#### To do
Nothing but the lines below from the one holding "Arqueólogos encontram objetos" up to and including the one holding "карта для телефона" should be copied, exactly and without pictures.

--- Records to process Enclosed Below ---

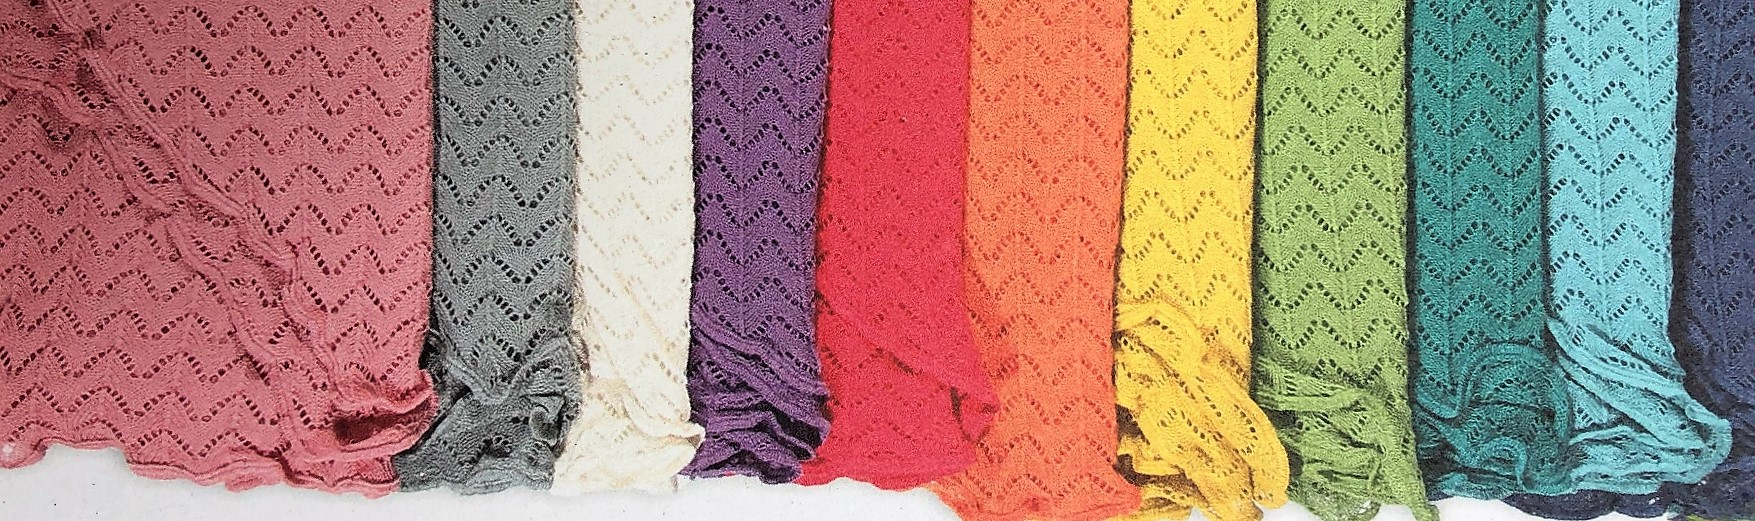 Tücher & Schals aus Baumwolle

--- End of Enclosed Records to process ---
--- Records to process Enclosed Below ---

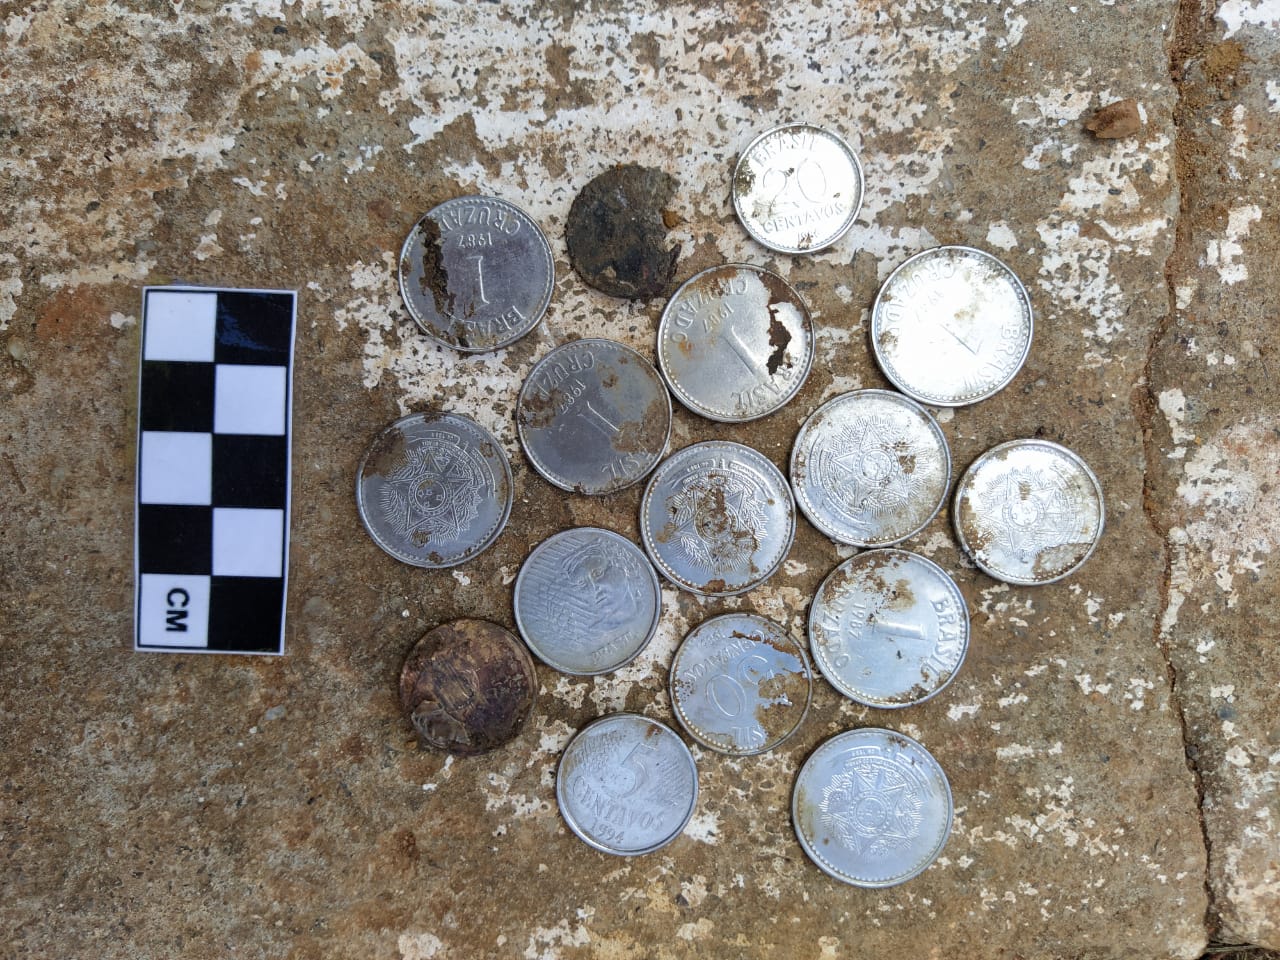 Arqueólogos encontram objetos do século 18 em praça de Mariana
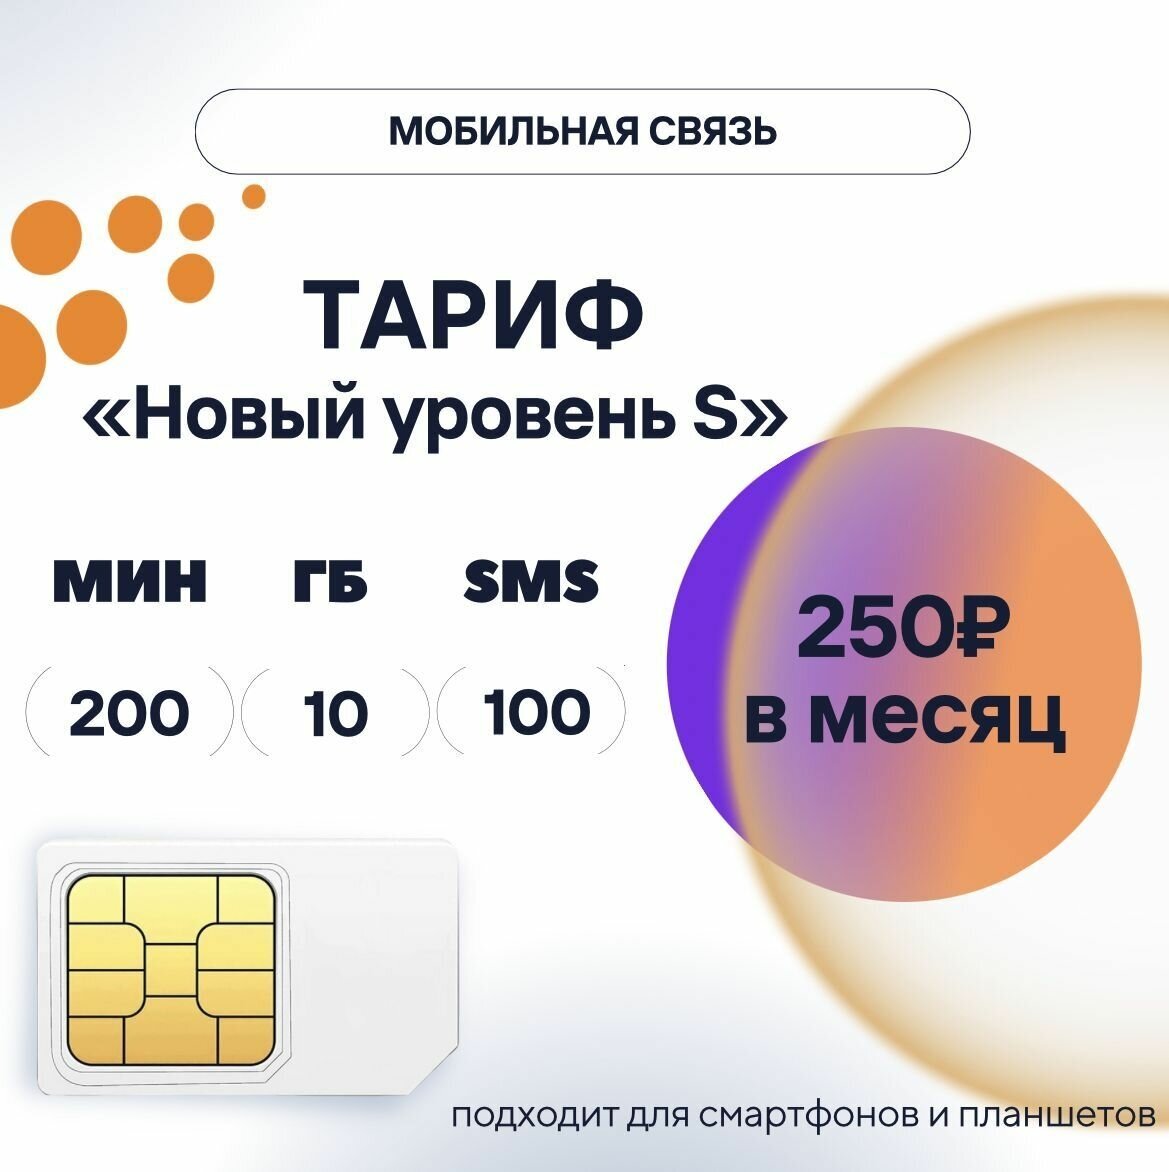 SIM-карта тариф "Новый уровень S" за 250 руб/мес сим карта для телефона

--- End of Enclosed Records to process ---

#### Solution for this exercise
 Arqueólogos encontram objetos do século 18 em praça de Mariana
 SIM-карта тариф "Новый уровень S" за 250 руб/мес сим карта для телефона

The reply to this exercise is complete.